Table 1 summarized the statistical information concerning RMSE, MAE, and R values for the testing parts over 1000 simulations (5 cases x 200 simulations for each). It is observed that the case of Train 80% was the appropriate choice for this problem, as the mean values over 200 simulations were small, and close to those obtained by 90%. More importantly, the standard deviation values for RMSE and MAE (denoted as St. D) were the smallest compared with other cases, showing the reliability of such a choice. The Train 80% also exhibited the highest values of average R and the lowest St. D values of R. Besides, the min and max values of the three criteria in the case of Train 80% were also reasonable compared with other choices. Overall, it could be concluded that, for this dataset, taking 80% of the data to construct the training dataset was a reasonable choice.

The following part is dedicated to present results from representative ANN models. Such models were taken from the Train 80% as a result of previous analysis. It was an appropriate choice as the Train 80% gave the most stable solutions for predicting the Fcr.

Two cases were considered in this study. The first one represented the ANN algorithm, which gave the smallest values of MAE, RMSE, whereas the second one gave the highest value of R. The two cases were denoted herein as ANN1 and ANN2, respectively. It is worth noticing that (i) in the case of ANN1, the selected simulation gave the smallest values of MAE and RMSE simultaneously, and the lower R value is compared with that of ANN2 model and (ii) only the results concerning the testing parts were presented, as they reflected the accuracy of machine learning algorithms. The main objective of this section is to verify the choice of the machine learning algorithm, whether choosing the model with the smallest values of error (i.e., could be RMSE or MAE) or the highest values of correlation (i.e., could be R or R2).

The results concerning the ANN1 model are plotted in Figures 4 and 5. The experimental values were well correlated with the predicted outputs. In addition, low values of error were obtained. The computed values of RMSE, MAE, mean of error, and standard deviation error for the testing dataset were 43.5634, 35.3637, 2.2009, and 45.6313, respectively. Those of the training dataset, in this case, were 40.0835, 30.6669, −3.2598, and 40.3922, respectively. The prediction accuracy of the training part was slightly higher than the testing one, showing excellent reliability of the selected model (i.e., ANN1). A correlation of R = 0.97722 was obtained for the testing dataset (Figure 5).

The results concerning the ANN2 model are plotted in Figure 6 and Figure 7. The experimental results, in this case, were correlated with the predicted outputs but inferior to the ANN1 model. In addition, the values of error were higher. The values of RMSE, MAE, mean of error, and standard deviation error for the testing dataset were 106.5248, 85.8798, −8.5156, and 111.3666, respectively. Those of the training dataset were 87.7486, 68.5177, 6.6403, and 88.4638, respectively. Similarly, the accuracy of the training part was superior to the testing one, showing the reliability of the ANN2 model. A correlation of R = 0.98488 was obtained for the testing dataset (Figure 5).
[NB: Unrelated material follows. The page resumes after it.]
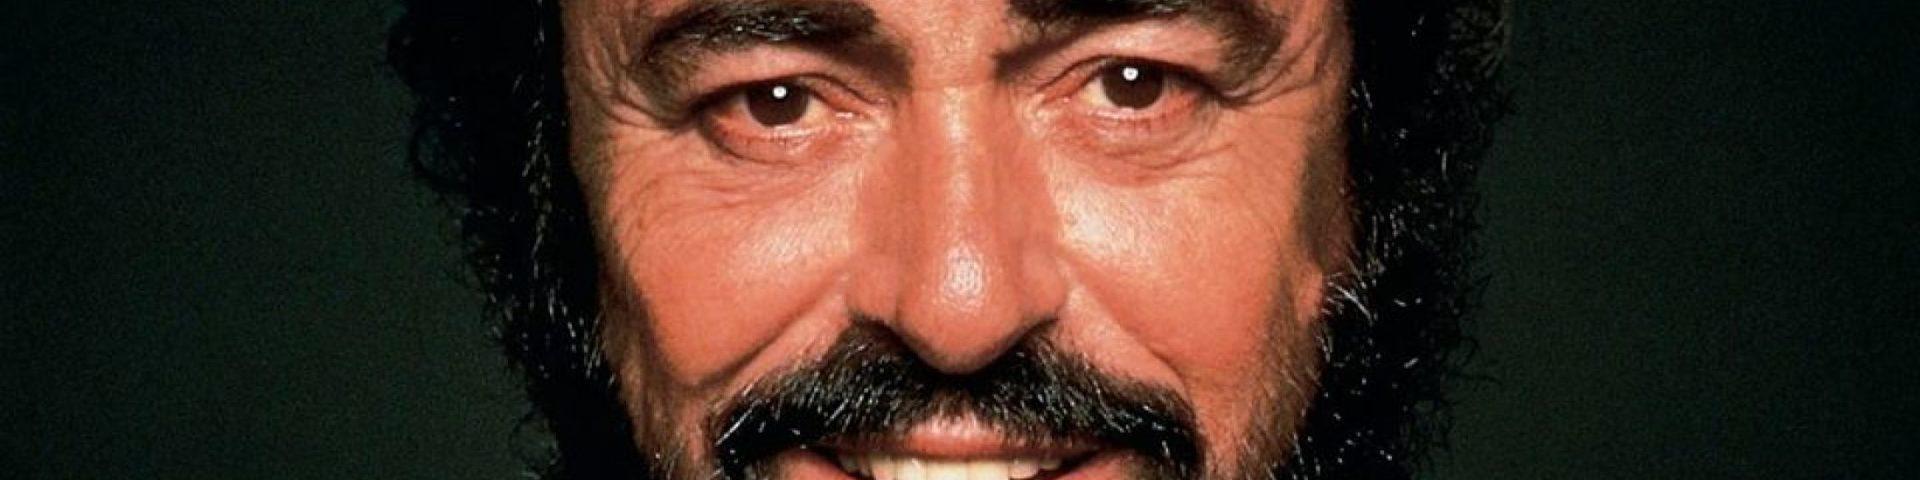 Pavarotti: vita e opere di un grande tenore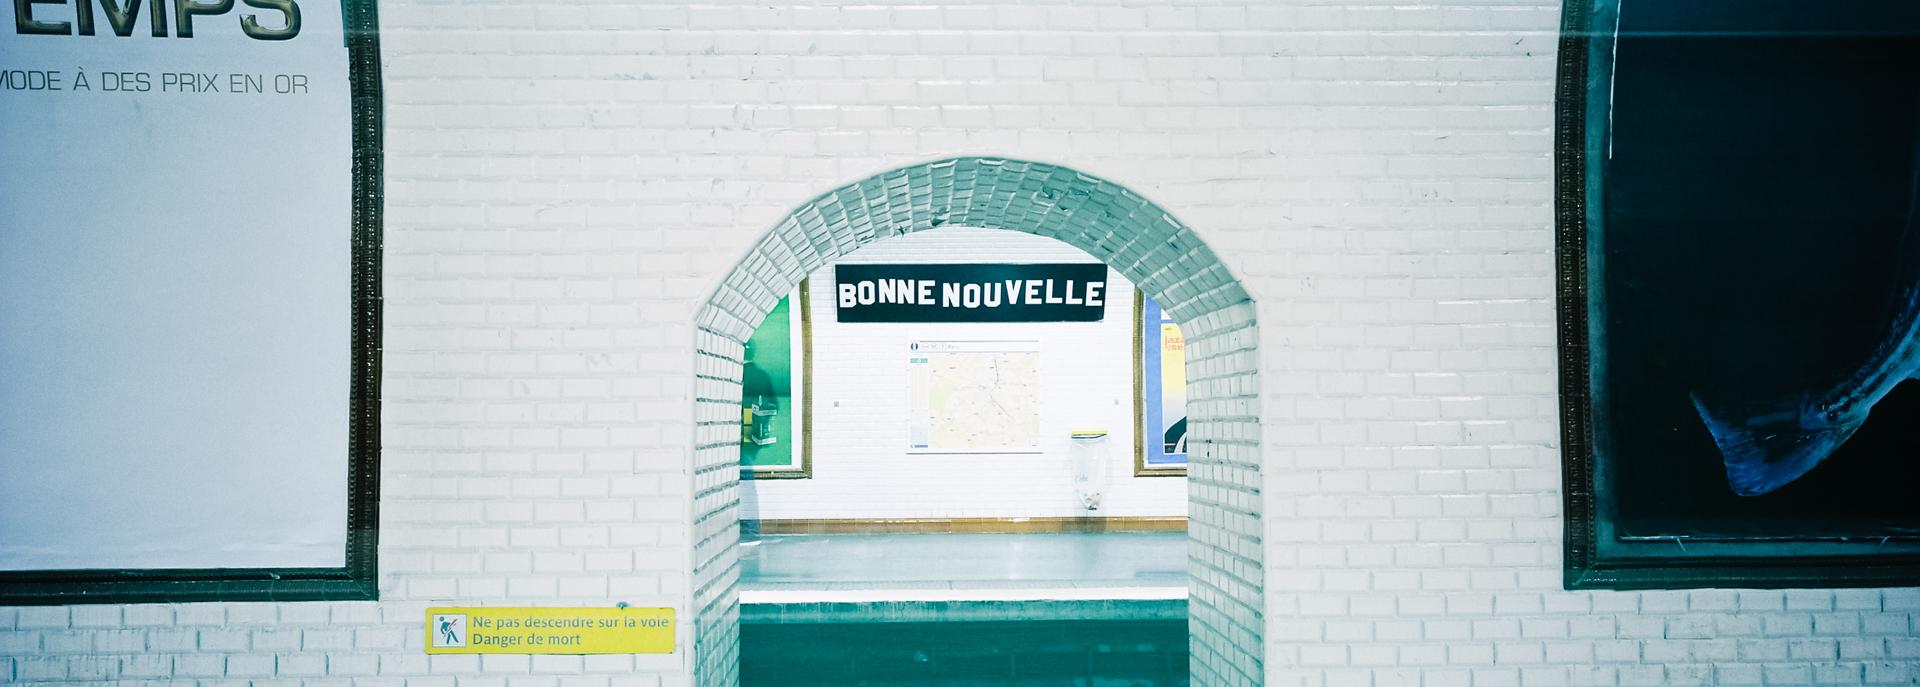 20151014_samuell_paris10_bonnenouvelle_hasselblad_xpanII_couleur_8

For comparison purposes, the prediction results in the present study are compared with previously published results [64], using hybrid artificial intelligence approaches such as adaptive neuro-fuzzy inference system (ANFIS) and two ANFIS-optimized algorithms by simulated annealing (SA) and biogeography-based optimization (BBO). The prediction accuracy of the proposed ANN model is higher than other models: with R values of 0.97722 (the proposed ANN model), 0.896 (ANFIS), 0.941 (ANFIS-SA), and 0.960 (ANFIS BBO); RMSE values of 30.6669 (the proposed ANN model), 111.830 (ANFIS), 81.990 (ANFIS-SA), and 66.558 (ANFIS BBO; and MAE values of 40.0835 (the proposed ANN model), 82.407 (ANFIS), 65.594 (ANFIS-SA), and 50.723 (ANFIS BBO). These results confirm that the ANN model is a simple but effective algorithm in solving complex problems.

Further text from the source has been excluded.